* [Work order]
Only the pictures are to be omitted; everything else in the listing must be reproduced exactly.
:: Provided material
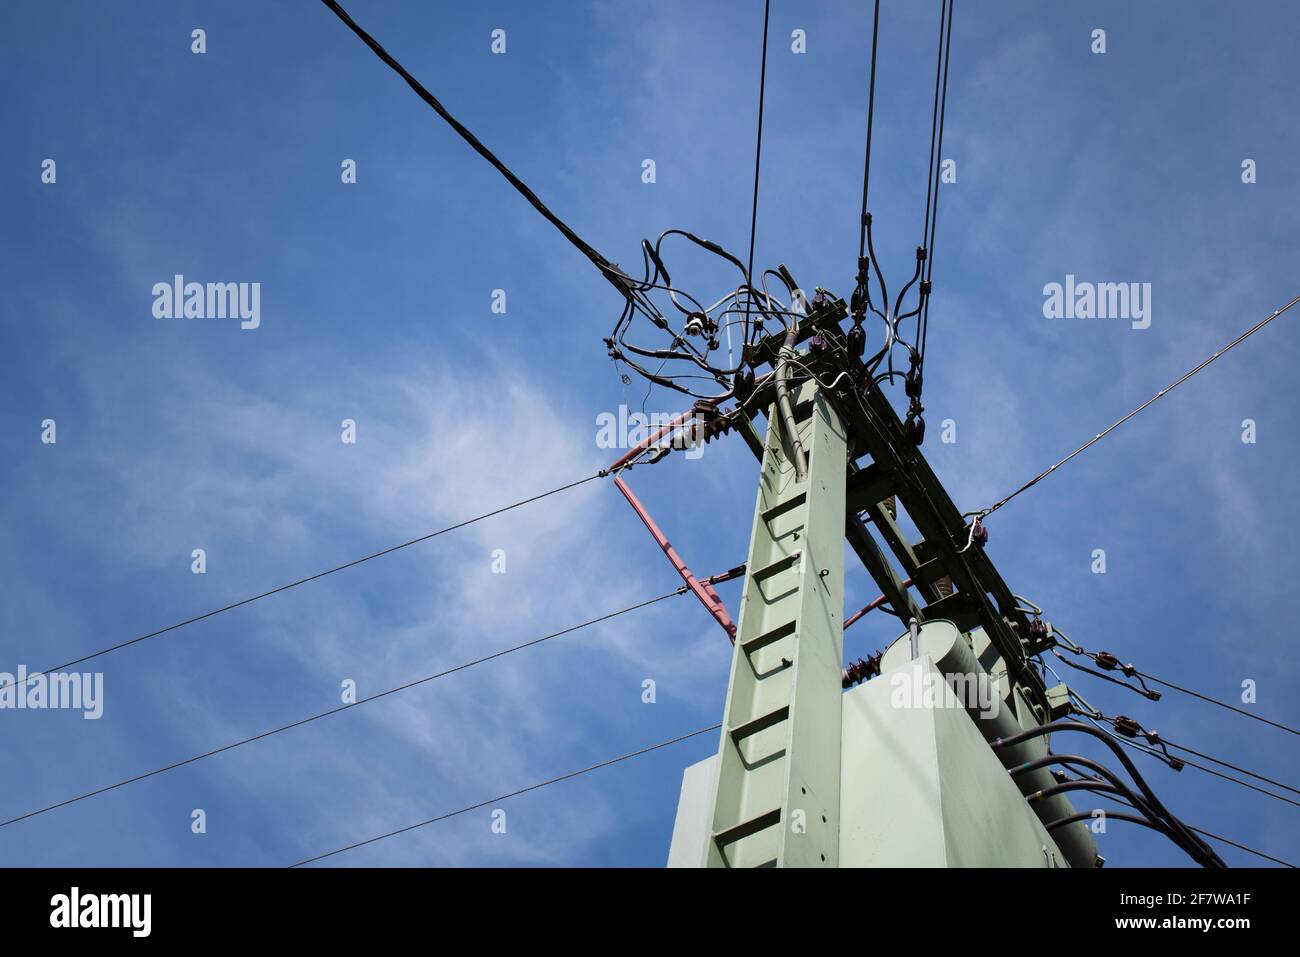 Ein Mast mit einem Netzwerk aus vielen verschiedenen Stromkabeln Wird von unten gegen den blauen Himmel mit Wolken fotografiert Stockfoto
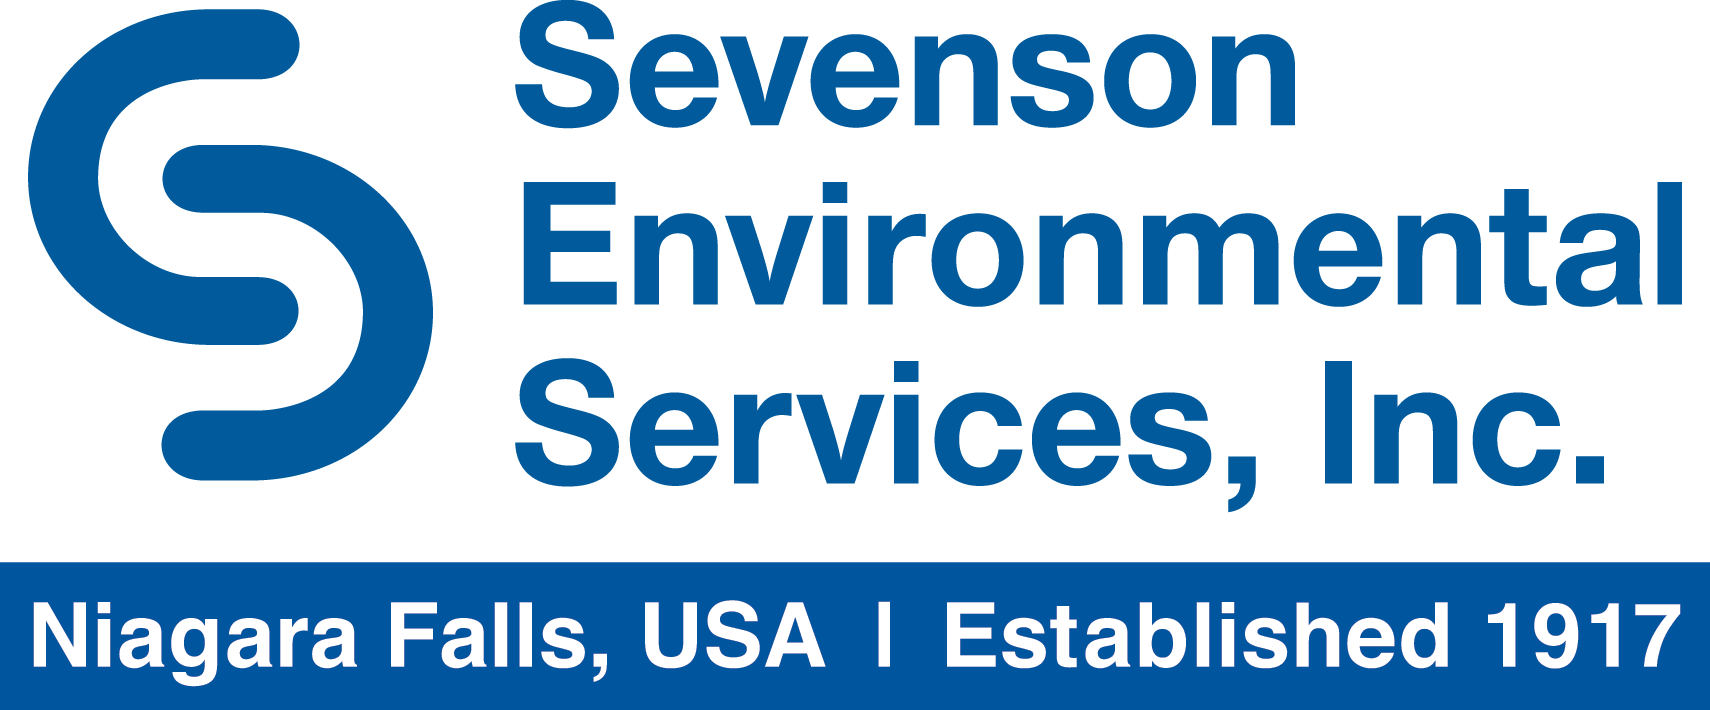 Sevenson Environmental Services logo
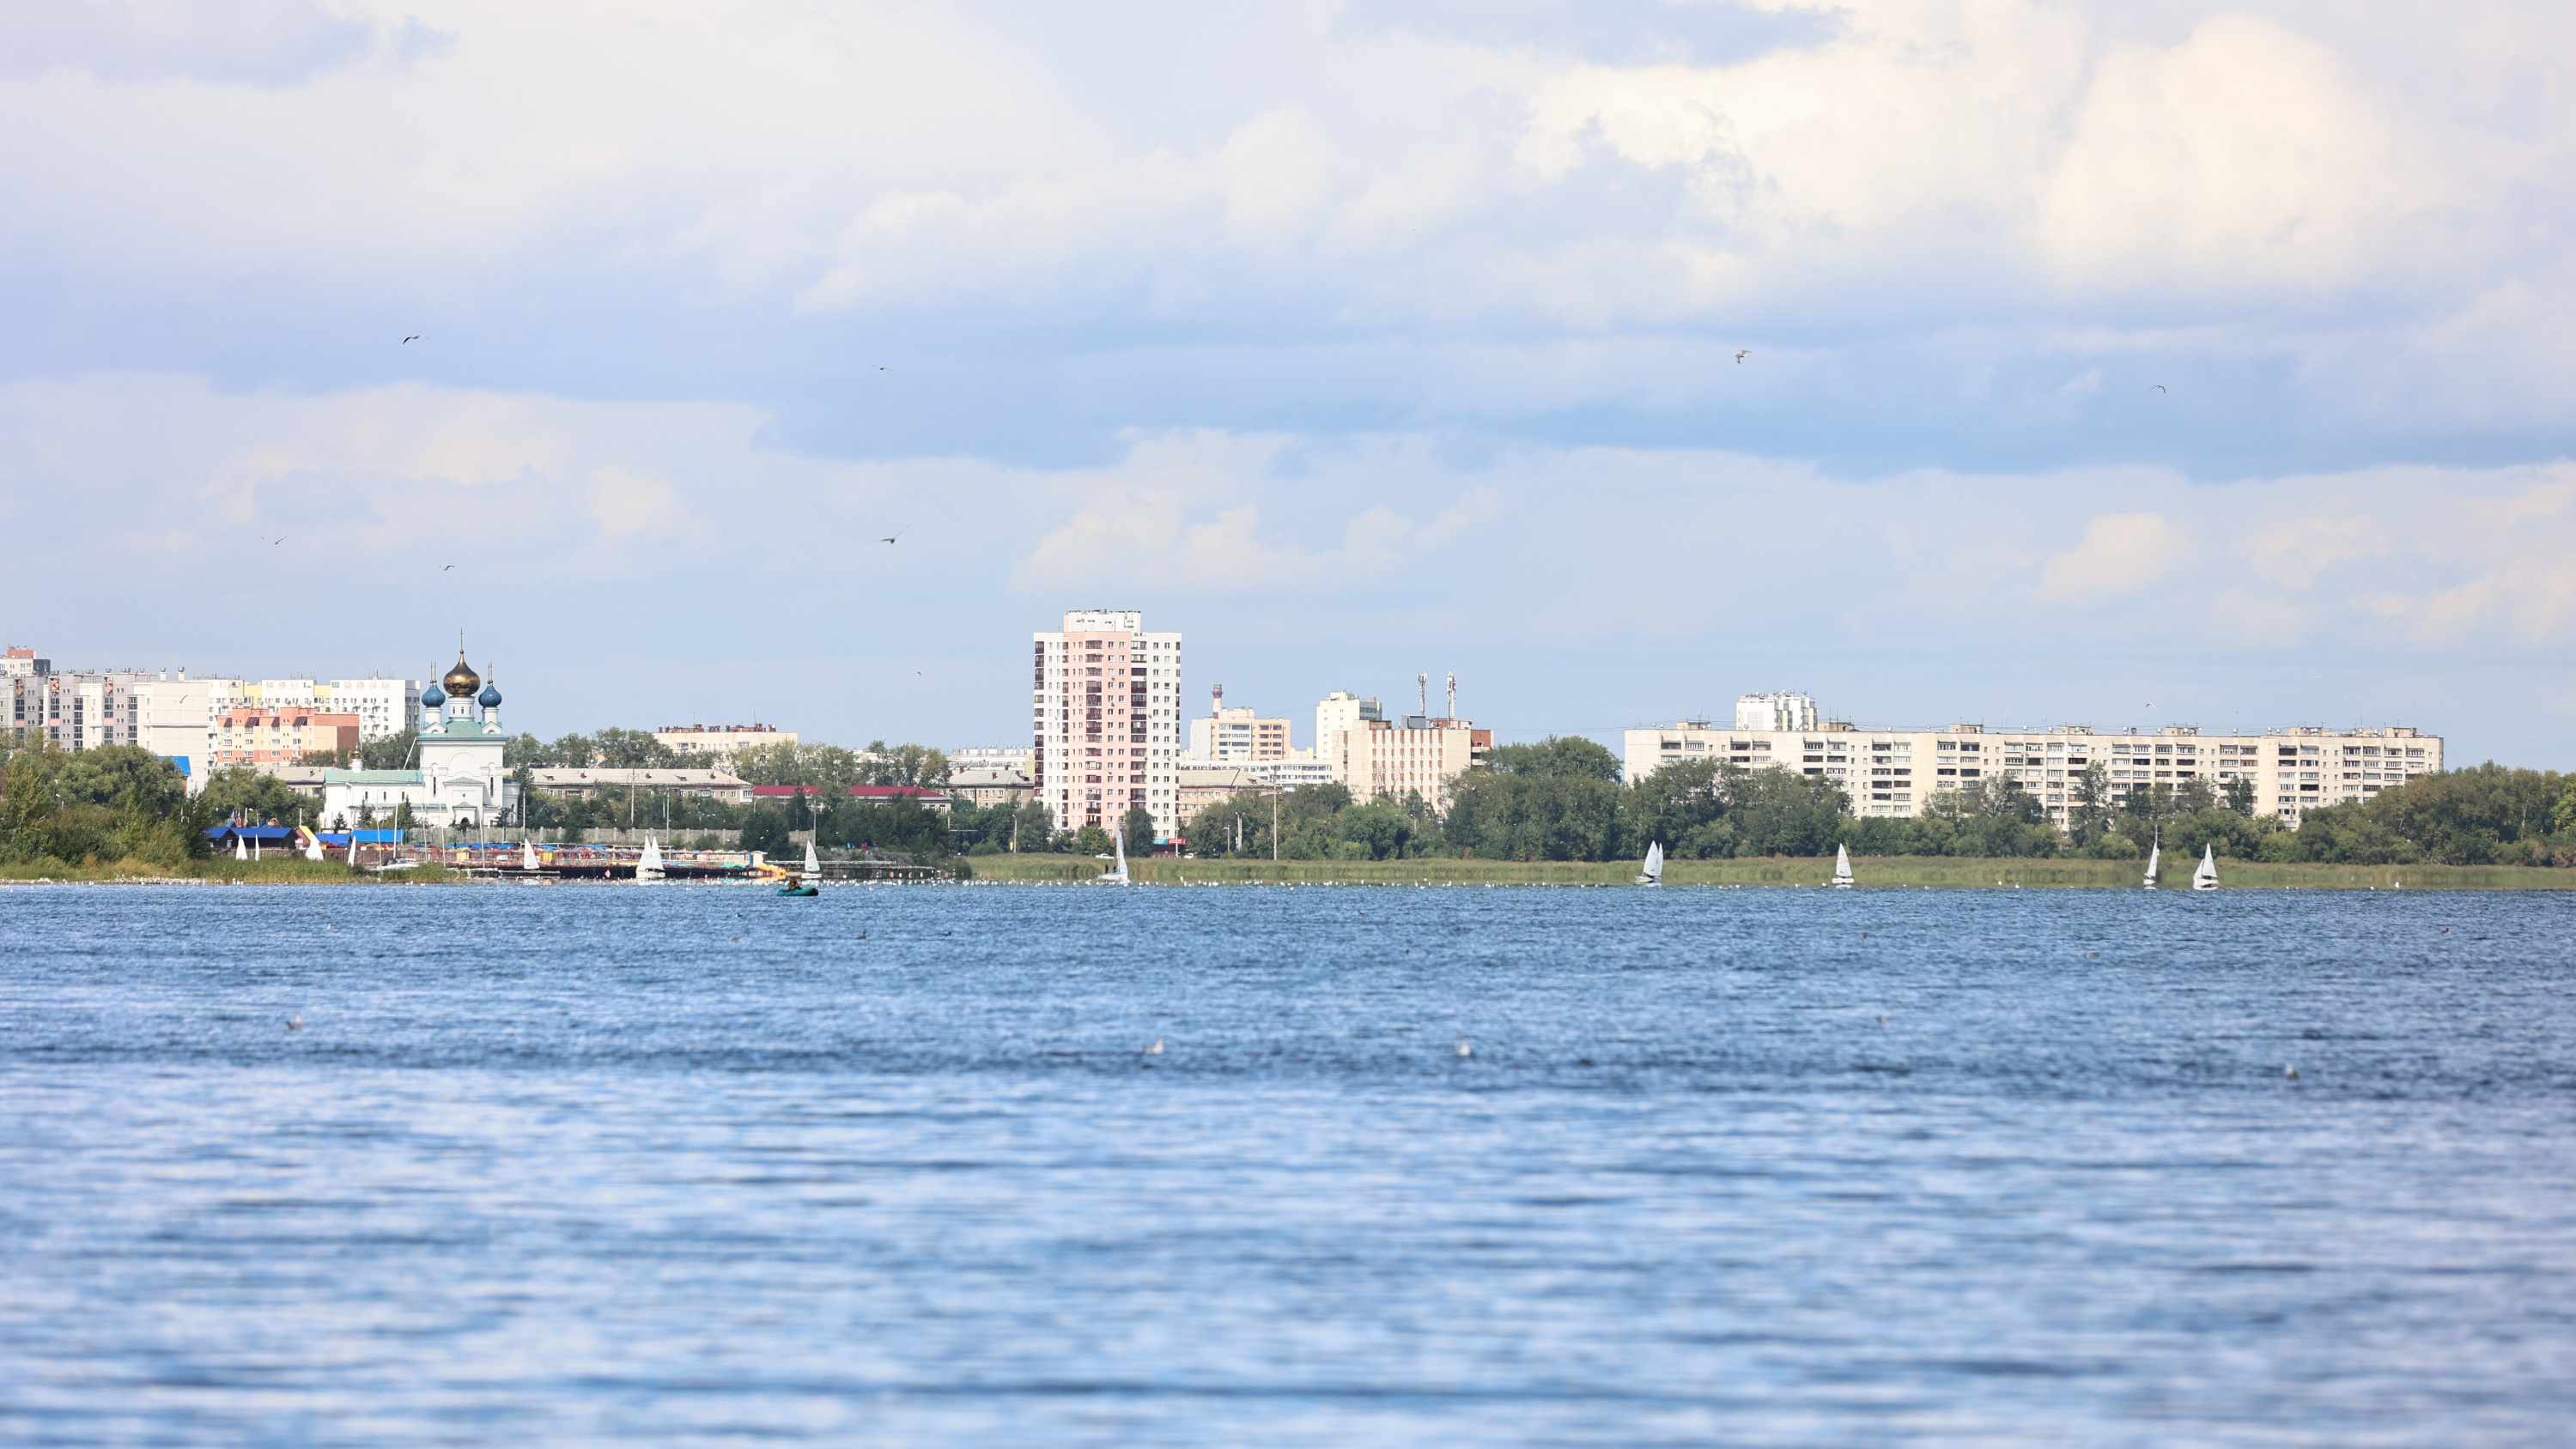 Закрытый пляж, вид на яхты и соседство с VIP-отелями: изучаем СНТ на берегу озера в Челябинске
::::
* [Exercise output]
 Ein Mast mit einem Netzwerk aus vielen verschiedenen Stromkabeln Wird von unten gegen den blauen Himmel mit Wolken fotografiert Stockfoto
 Sevenson Environmental Services logo
 Закрытый пляж, вид на яхты и соседство с VIP-отелями: изучаем СНТ на берегу озера в Челябинске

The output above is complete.